It may not be possible to appoint Yisrael Beiteinu chairman Avigdor Lieberman as finance minister - a possibility that had been discussed during the coalition talks of the past two days - because the Tax Authority, which is part of the Finance Ministry, was involved in the criminal investigation against Lieberman.
The ongoing investigation already prevents him from heading either the public security or the justice ministry, since they oversee the police and the prosecution, respectively, and it would be improper for a minister under investigation to oversee the organizations responsible for deciding his case. The Finance Ministry, in contrast, would not normally be a problem, and sources involved in the coalition talks said that Lieberman did demand this portfolio, along with the Housing Ministry, in his talks with Likud chairman Benjamin Netanyahu. But the fact that the Tax Authority was also involved in the Lieberman probe may throw a monkey wrench into this idea.
The authority declined to comment, saying it does not discuss ongoing investigations. Yisrael Beiteinu also declined to comment, saying that to do so might be construed as an attempt to obstruct the investigation.
Lieberman himself flew to Belarus Thursday, thereby quitting the country at a critical stage in the coalition talks. Politicians from across the political spectrum were united in terming this a blatant attempt to flaunt his power: Yisrael Beiteinu, having won 15 seats and become the third-largest party in the Knesset, is the indispensable partner without whom neither Netanyahu nor Kadima chairwoman Tzipi Livni can form a government. Although the party has a negotiating team, it has no authority to make decisions without Lieberman.

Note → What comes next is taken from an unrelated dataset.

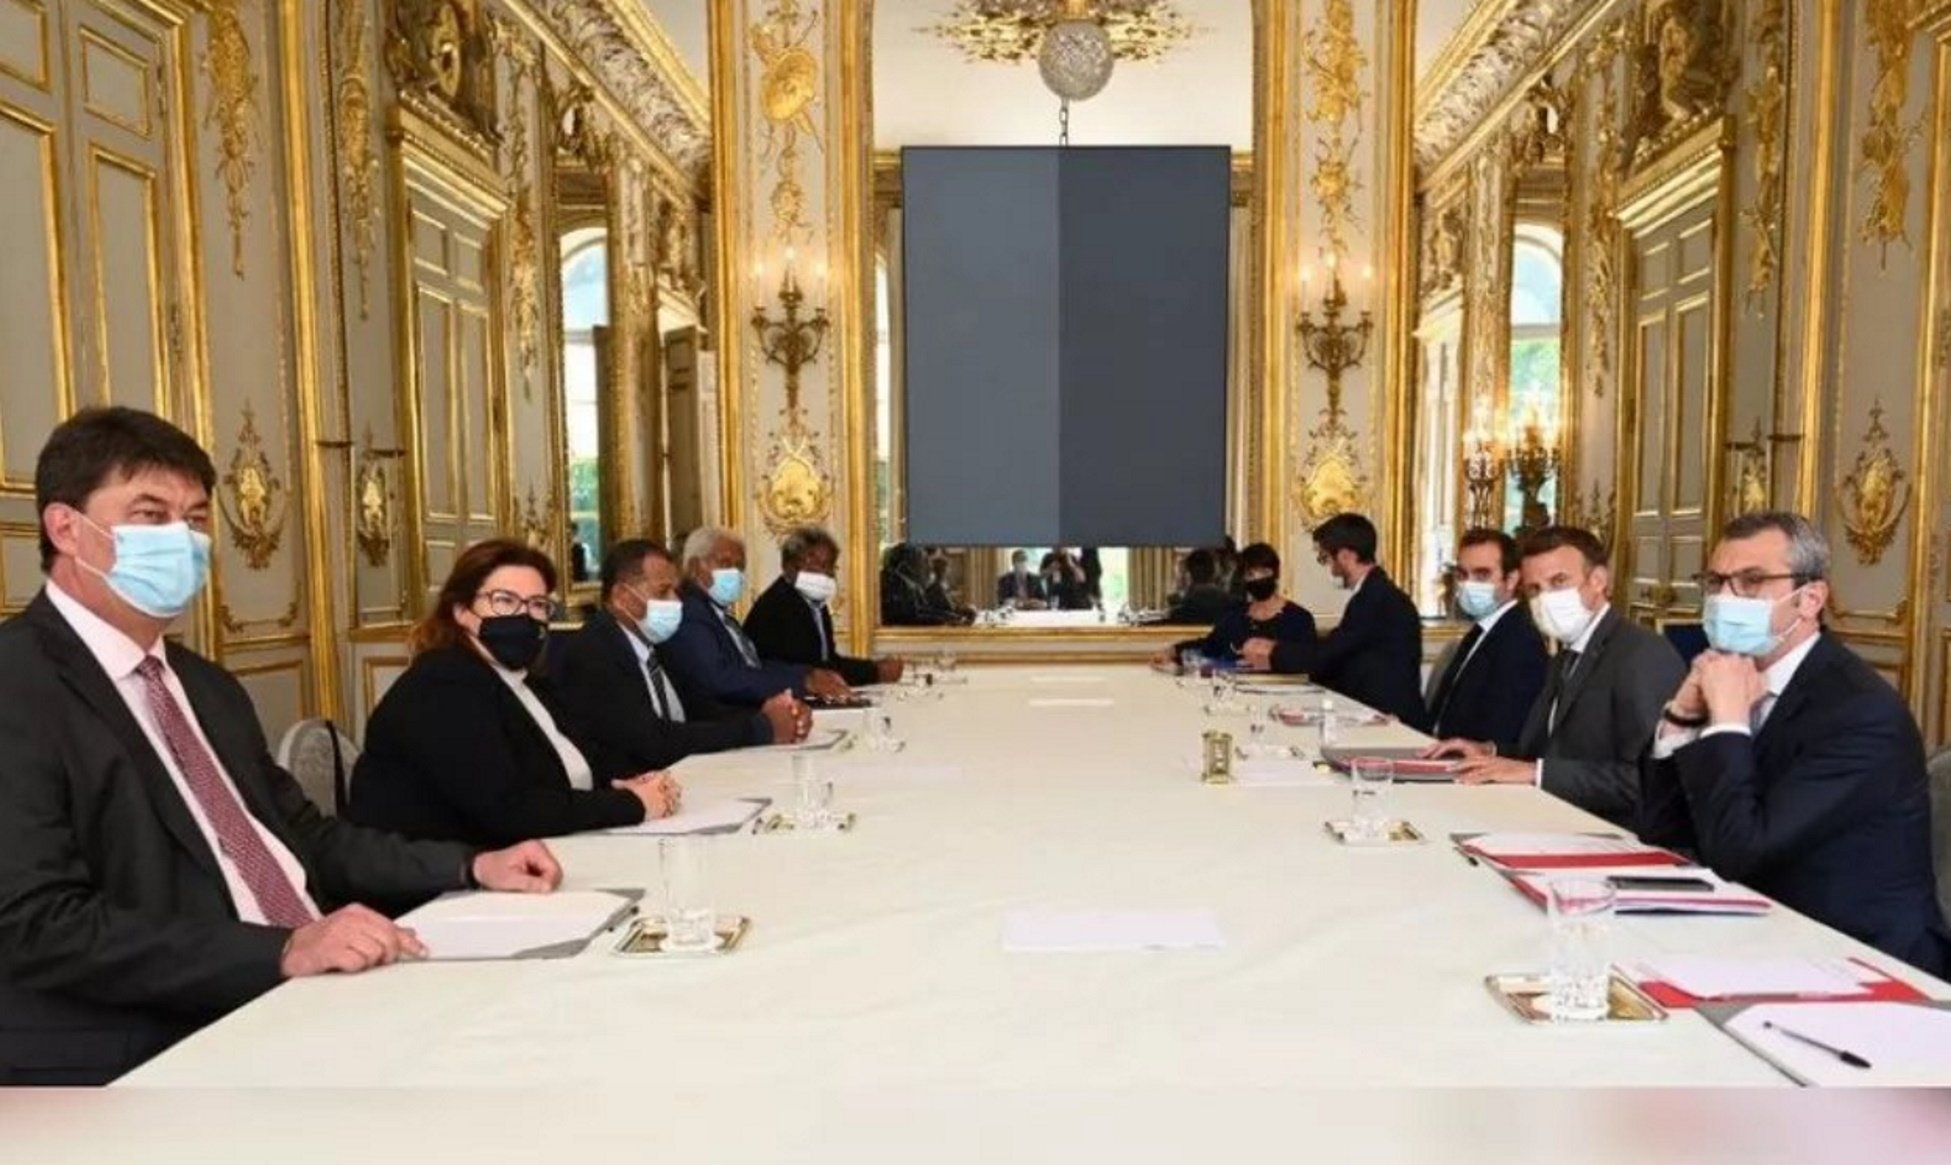 Así la mesa de diálogo de Macron ha pactado un referéndum
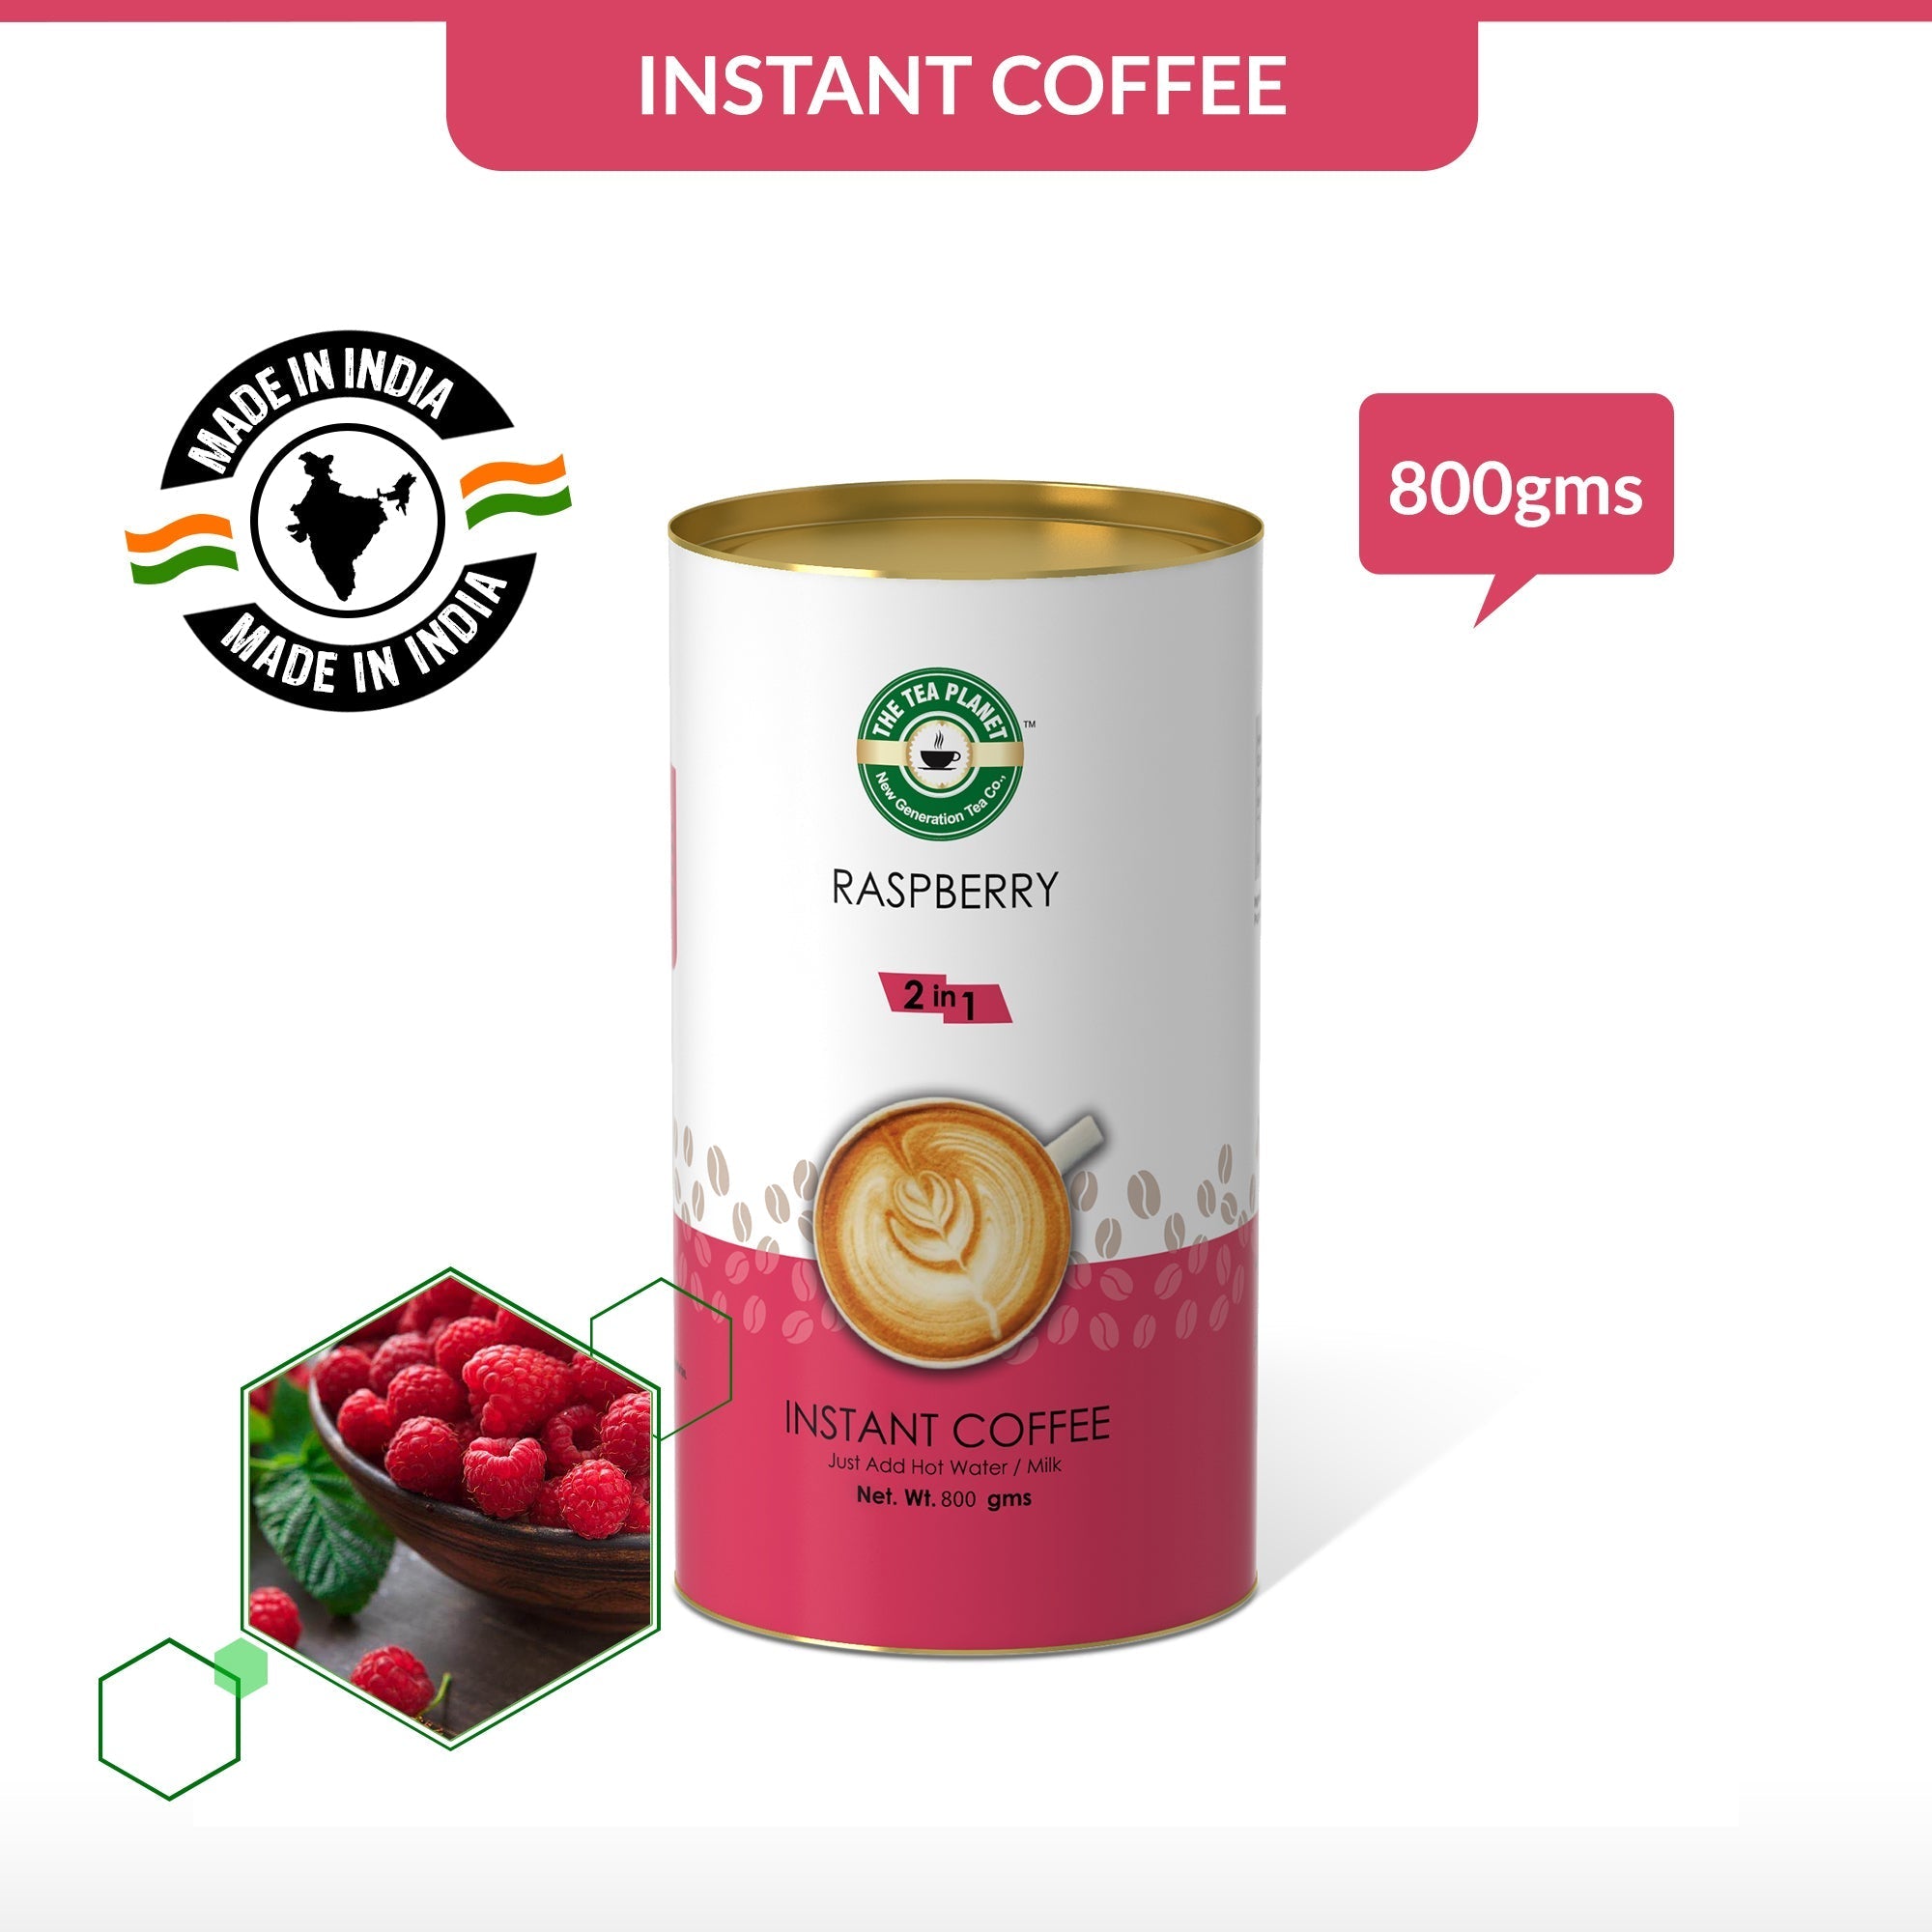 Raspberry Instant Coffee Premix (2 in 1) - 800 gms

Lieberman has yet to announce whether he will support Netanyahu or Livni for the premiership, and some politicians speculated that he would ultimately recommend neither to President Shimon Peres: Instead, he would recommend himself.
Sources involved in the Lieberman-Netanyahu talks reported that Lieberman also wants Justice Minister Daniel Friedmann, who was appointed by outgoing Prime Minister Ehud Olmert, to retain his post. Friedmann, who is not a Knesset member and is not formally affiliated with any party, would fill one of the ministerial positions to which Yisrael Beiteinu is entitled.
The investigation of Lieberman heated up two and a half weeks before the election, when the police arrested seven suspects, including his daughter Michal and his attorney Yoav Many.
In April 2007, Haaretz published an investigative report on M.L.-1, a business consulting firm set up by Michal Lieberman in 2004, when she was 21 years old. She was listed as the sole shareholder, but one of the company's two official addresses was her father's house in the West Bank settlement of Nokdim.
Between 2004 and 2007, the company received NIS 11 million from anonymous overseas sources in exchange for "business consulting." Avigdor Lieberman received a salary of over NIS 2.5 million from M.L.-1 during 2004-06, when he was not serving in the cabinet or Knesset, and was thus legally entitled to do so. But the company itself remained active even after Lieberman rejoined the Knesset in March 2006.
The police suspect Lieberman of money laundering, fraud and breach of trust. However, the investigation was delayed for over a year, from April 2007 until August 2008, because of lawsuits filed by Lieberman and his associates claiming that various documents the police wanted to examine were protected by attorney-client privilege. Only after the courts finally rejected these suits were police able to begin studying the documents.